Direct deposit: UU, Finance Board consider increase in student fee to afford bigger events

They could hope, but that probably wasn’t realistic.

The contingent of University Union representatives may have guessed that budget cuts would come. UU Concerts co-executive director Adam Gorode attempted to justify his organization’s existence when the spending bills came up: Method Man, Wyclef Jean, Phantom Planet, Talib Kweli and De La Soul had all played Syracuse University over the previous 10 months. The Student Association says funding decisions are based in part on a group’s track record – but this year, the Finance Board cut the Block Party’s budget by one-third.

It was a common sight, one that UU has faced for years and one that continues to stoke a fire within the members. The organization lives and dies by the finicky schedules and rotund price ranges of musicians, politicians and movie studios, but it endures semester-by-semester finance allocation that can be bogged down in delays. If they received their money earlier and more consistently, UU’s officials argue, they could put on a better show.

The solution UU has kicked around for years is a change in its funding status to set up official ‘programming boards,’ which already exist at many other schools, to handle campus entertainment and deliver guaranteed funds, not subject to debate, on time each year.

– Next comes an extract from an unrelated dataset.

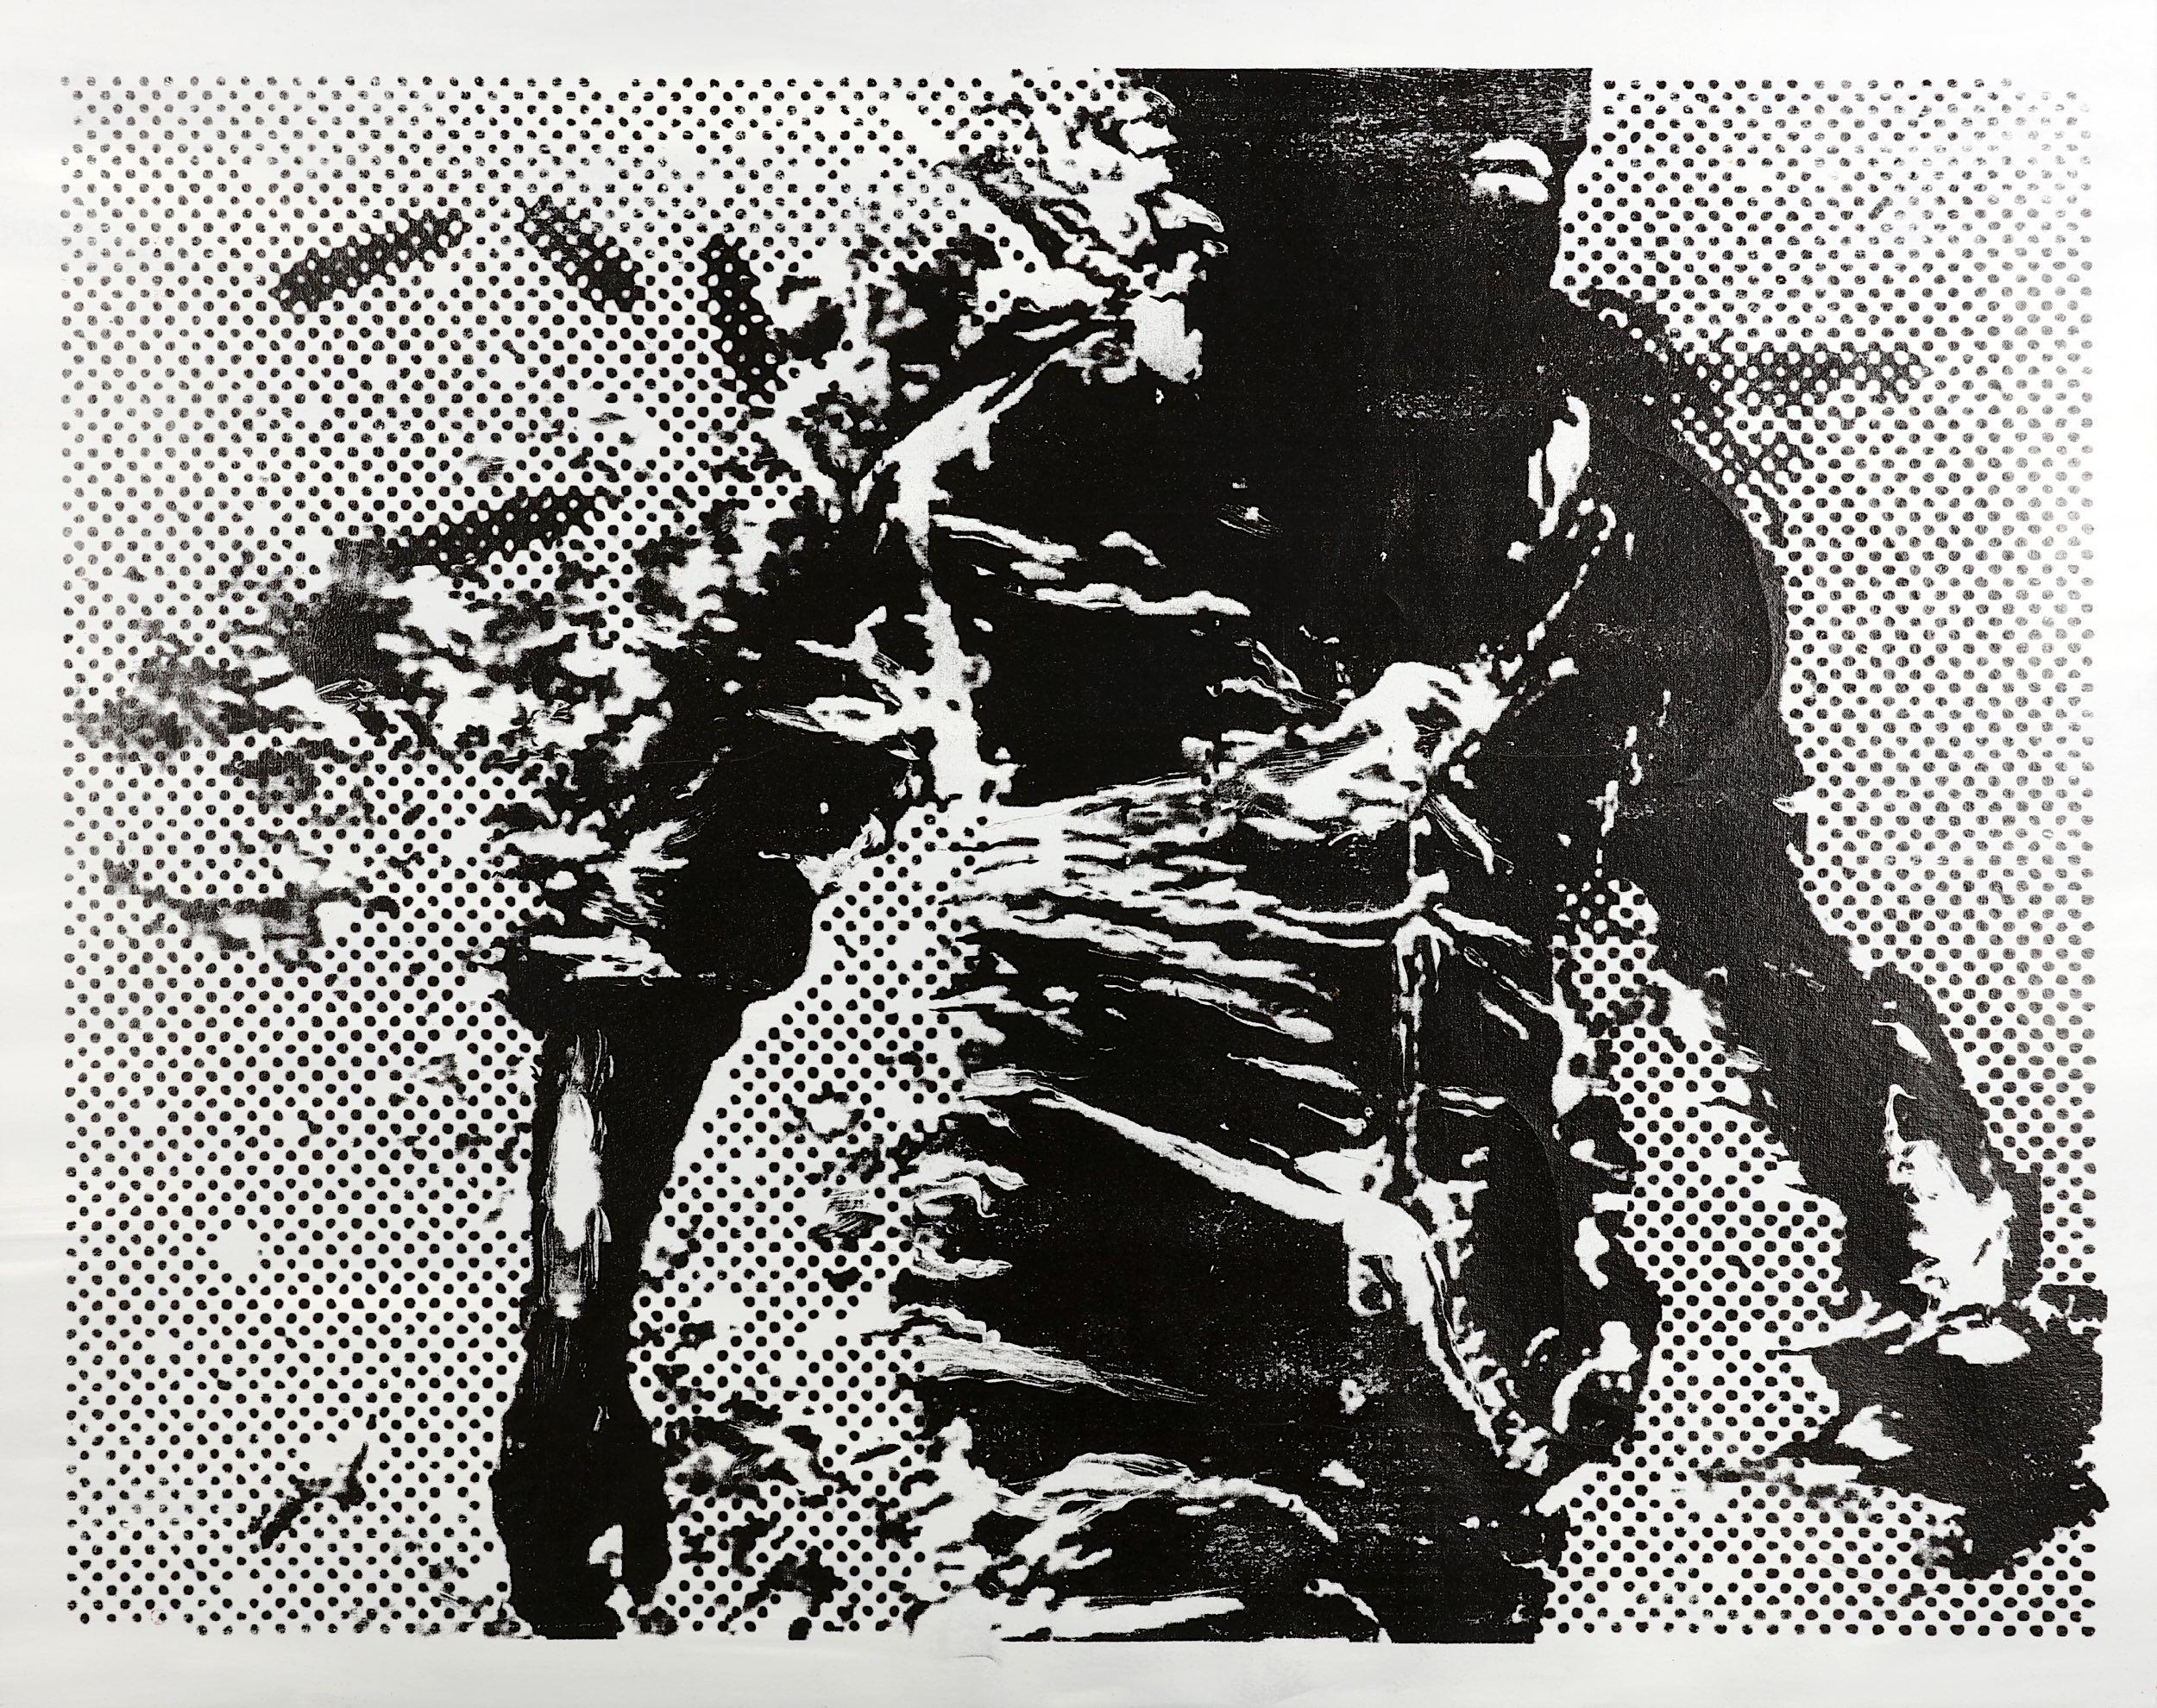 Lot 353 - Paul Insect (British b.1971), 'Burning Man', 2012

In that meeting, which stretched well into the morning, even Gorode’s mentioning of former Phish front-man Trey Anastasio playing The Hill was not enough to sway an Assembly faced with fiscal realties and dozens of other organizations clamoring for finite funds. Block Party was jeopardized after the Assembly sent the spending bill to the Finance Board for reconsideration.



Funding for the concert did come through, albeit two months late, cutting into precious planning time. Still, the fire burns.

‘It’s been played around with,’ said University Union President Dennis Jacobs of the idea of changing funding status.

The question boils down to knowing when, and preferably how much, each of the UU’s organizations – Comedy, Concerts, Speakers, Cinemas and WERW – will be funded for the year. Jacobs, who is currently in Minneapolis for a campus programming conference, said the situation that UU is in now – being a de facto programming board without having guaranteed funds – is uncommon for a school the size of SU.

‘The majority of these schools get their money at the beginning of the year,’ Jacobs said. ‘(Agents and talent bookers) can’t believe that we operate this way.’

He points to schools such as University of Central Florida, Virginia Tech and Rochester Institute of Technology as examples of a set-fee situation working to the students’ advantage. RIT alone has brought David Spade, Robert Redford and 2005 Grammy winner Kanye West in recent years.

This question is not a new phenomenon; it has simmered below the surface of every budget debate dealing with campus entertainment. Former Student Association president Andrew Thomson said he remembers the thought being thrown around a few times during his administration, and his successor, Drew Lederman, said it was only organizational aspects of UU that sidelined more active discussion.

Thomson, who graduated last May and now works back at his home in Kennebuckport, Maine, said he always came out against direct funding for any organization.

‘It is really just one step closer to taking away the representation that students have,’ Thomson said. ‘Ideally, all students should have some representation through Student Association.’

Both former presidents agreed that if the organization seeks to move to any kind of direct funding, and therefore circumvent the power of SA to some degree, the leadership of the programming board would have to be directly elected by the students to maintain accountability. It is this that originally gave Lederman pause, and he said the change should happen before any kind of funding change is granted. And Jacobs agrees.

‘We would owe it to the students,’ he said. ‘We care about them.’

He also noted that, should he be re-elected president during UU’s internal elections in the coming weeks, he would push for direct elections for the next cycle.

Current SA President Travis Mason refused comment on this story and did not seek to go on the record as to why.

Thomson said a change would have to be carefully thought through, as it could simply redirect the heat from one argument to another. Which brings up another burning question: where would money for extra funding, direct or otherwise, come from?

Comptroller Andrew Urankar: ‘It would have to come from somewhere.’

And, considering there have been no official steps taken to establish a change, that might be the most detailed answer available.

Possible solutions could include an increase in the student activity fee or the establishment of another fee entirely, either of which are likely to see some repercussion in the wallets of students and parents. Josh McIntosh, senior associate director of the Office of Greek Life and Experiential Learning, sees this as a possible problem, considering the variable entertainment tastes among students.

‘Some students don’t see UU as a campus-wide programming board,’ he said.

But in a sea of questions, there is the old Steve Martin phrase on how to be a millionaire and never pay taxes: get a million dollars and never pay taxes. Former Comptroller Maggie Misztal has a similar maxim when it comes to the tricky world of doling out the student fee: more money, less controversy.

‘Do you want to fund more events or more mainstream events?’ she asked.

As for the burning question, the solution could be on the horizon.

‘It would be beneficial,’ Jacobs said. ‘But we could see ourselves running into more and more problems if this doesn’t happen.’

News Editor Steven Kovach contributed to this report.